Mentre la Manovra è in discussione in Commissione Bilancio alla Camera in vista del prossimo passaggio parlamentare, e mentre il Governo ha approvato nella notte in CdM il nuovo Decreto Ristori Quater, non si placa la contestazione nel mondo del Terzo Settore per alcuni emendamenti e articoli che metterebbero a rischio l’intero mondo del volontariato. Dopo le denunce negli scorsi giorni del Forum Terzo Settore e di diverse associarono no-profit, oggi è la Lega di Matteo Salvini ad intervenire con una nota pubblica nella quale sottolinea il piano di tassazione del Governo Conte-2. «Il governo Conte se la prende anche con il mondo del volontariato. 275 mila associazioni rischiano infatti di chiudere se dovesse passare l’art. 108 del Ddl Bilancio che introduce l’Iva per queste realtà che oggi invece sono in esclusione di imposta», scrivono i deputati della Lega in Commissione Finanze a Montecitorio, Alberto Gusmeroli, Massimo Bitonci, Gianluca Cantalamessa, Laura Cavandoli, Giulio Centemero, Silvia Covolo, Francesca Gerardi, Alessandro Pagano, Leonardo Tarantino.

IL TERZO SETTORE A RISCHIO IN MANOVRA

Secondo il gruppo del Carroccio, l’intervento del Governo sulla maggiore tassazione al no-profit sarebbe un vero e proprio «disastro per il mondo del volontariato che rappresenta da sempre uno dei motori portanti del nostro Paese.
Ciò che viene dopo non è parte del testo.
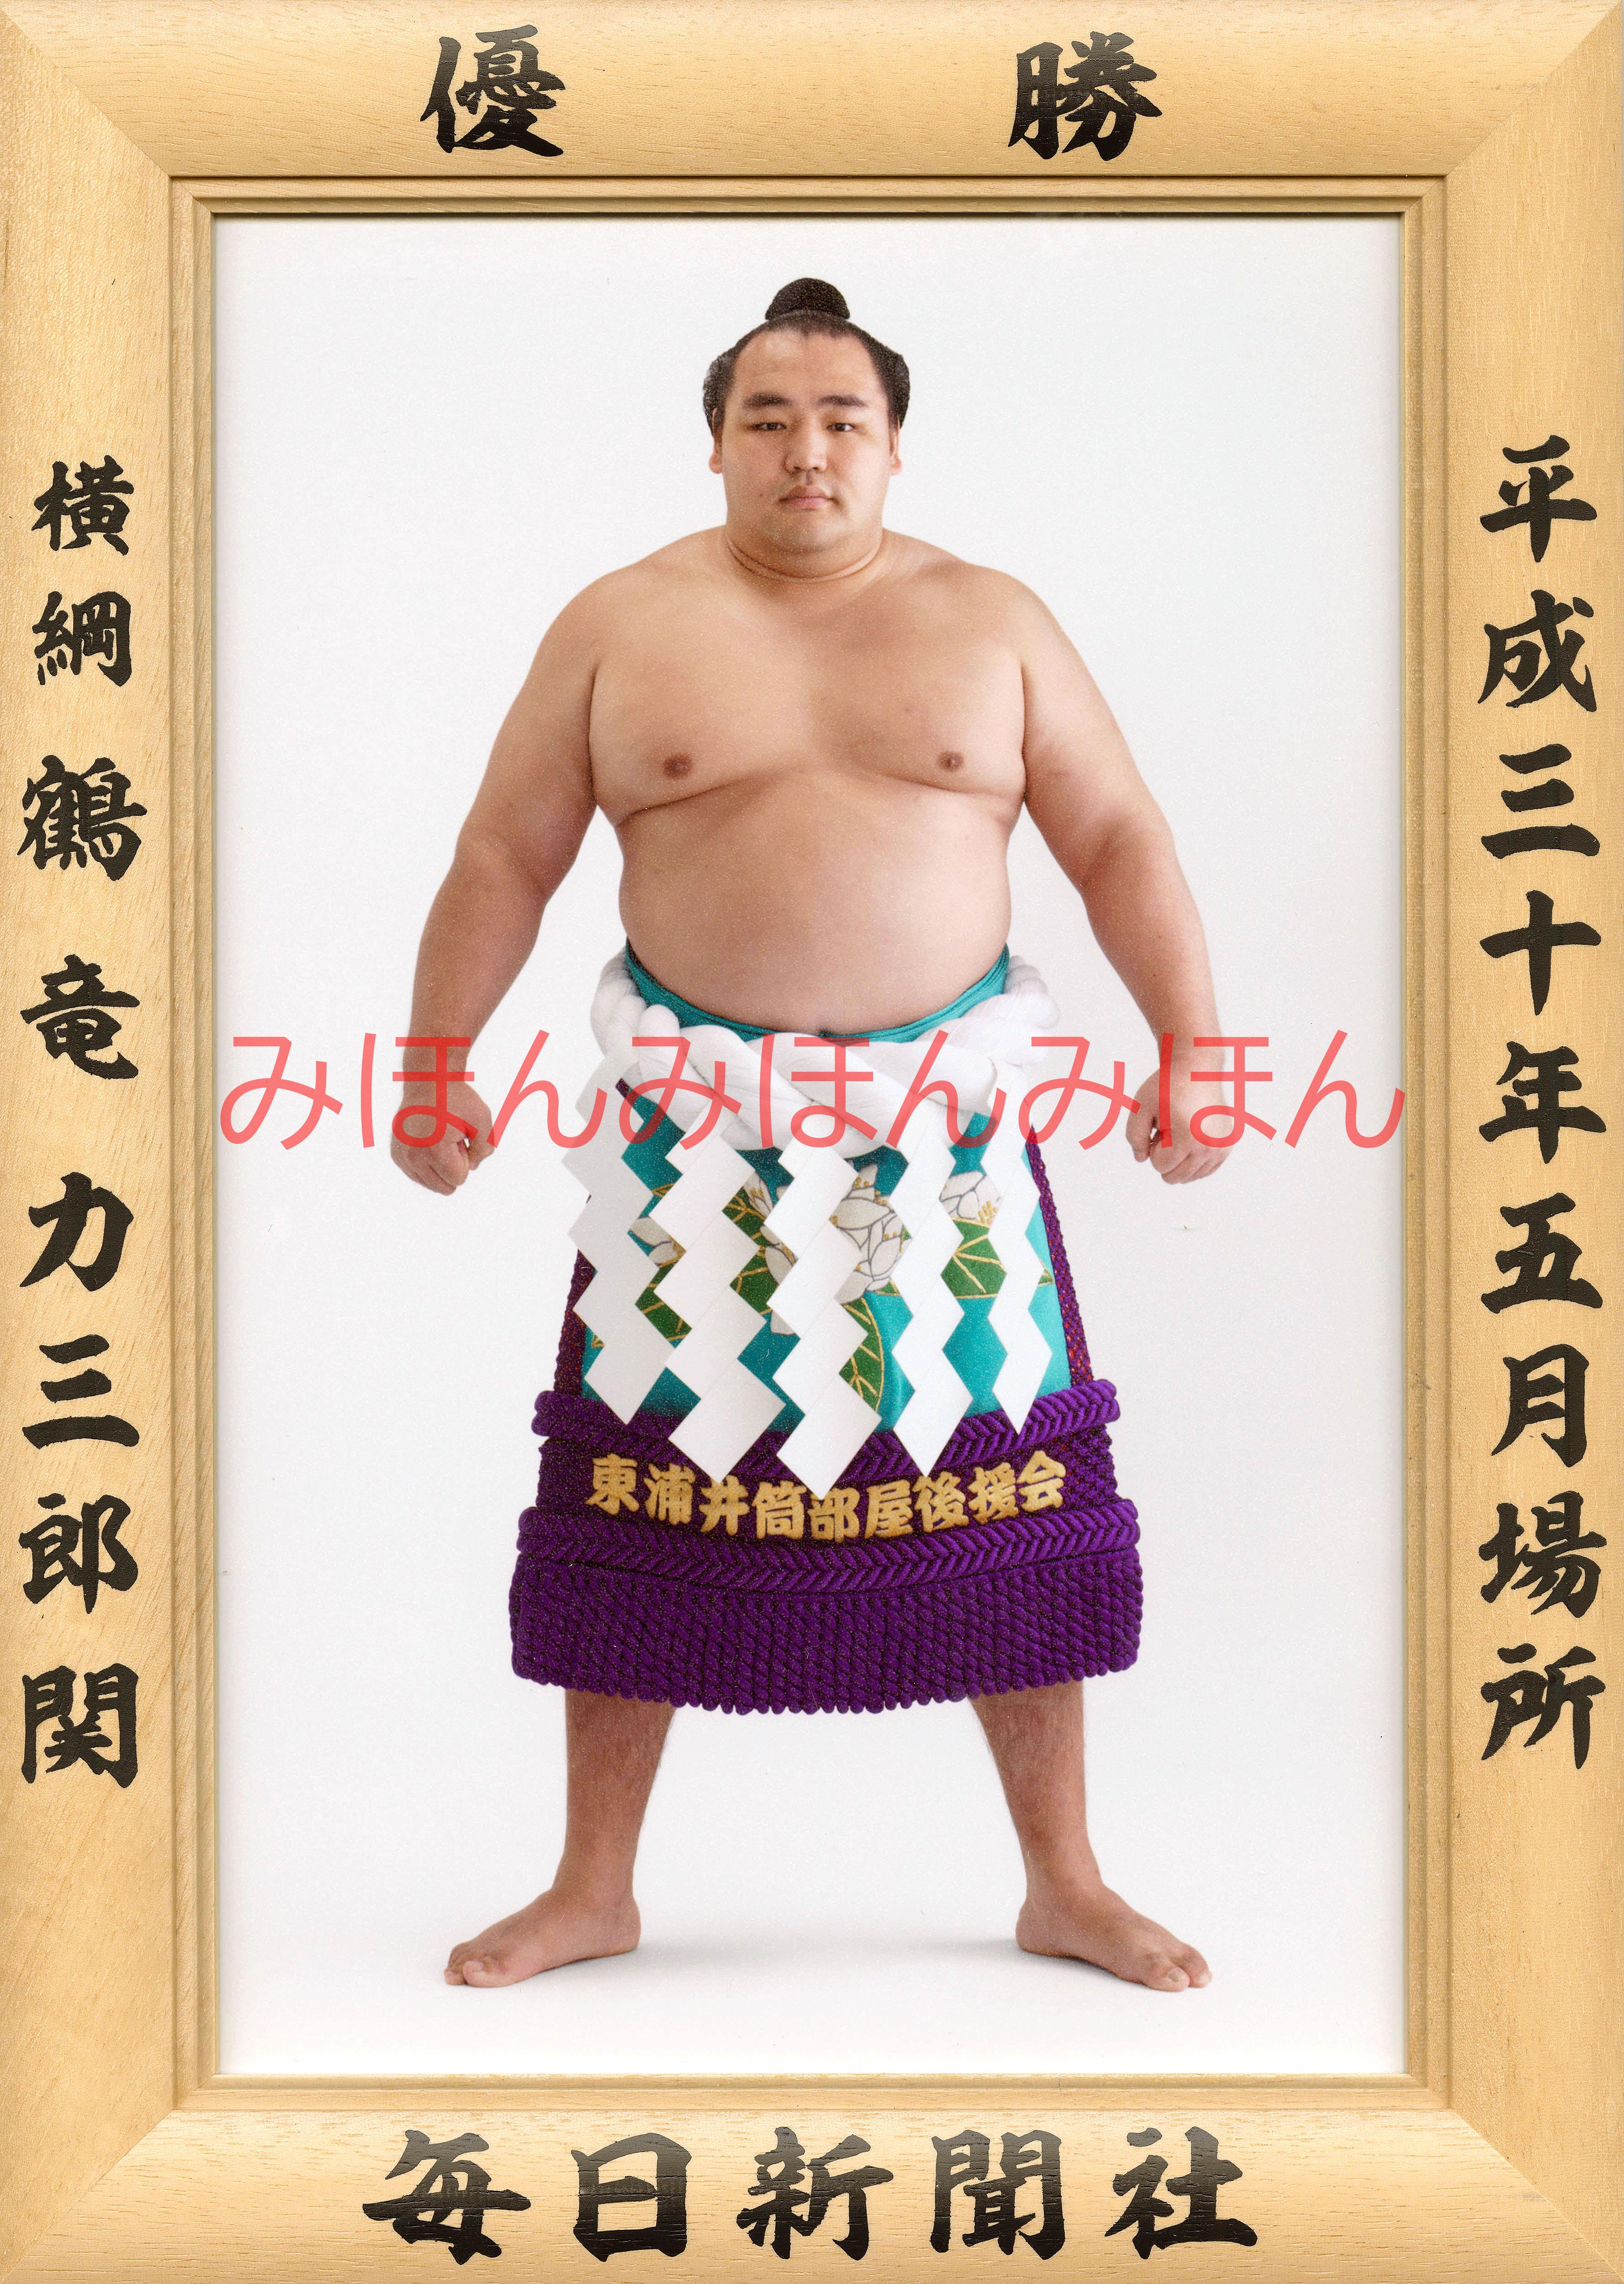 平成30年5月場所優勝 横綱 鶴竜力三郎関(5回目の優勝)

La Lega farà di tutto per impedire questo ennesimo scempio. Tassare anche chi presta il proprio servizio per solidarietà senza scopo di lucro è l’ennesimo colpo basso di un governo che non sa più dove mettere le mani per fare cassa». All’AgenSir solo lo scorso 27 novembre la portavoce del Forum del Terzo Settore – Claudia Fiaschi – aveva sollevato il medesimo allarme: «Una norma che rischia di dare un colpo devastante a gran parte del mondo del non profit, già duramente provato dalla crisi che la pandemia ha generato, con moltissime attività già oggi a rischio sopravvivenza». La richiesta di cancellazione dell’articolo è pervenuta durante l’incontro tra il Forum e il viceministro dell’Economia Antonio Misiani: «Nella sua formulazione attuale – si legge in una nota del Forum successiva al vertice – deve essere cancellato, per non mettere a rischio la sopravvivenza di tante associazioni che pur non svolgendo attività commerciale sarebbero assoggettate al regime Iva».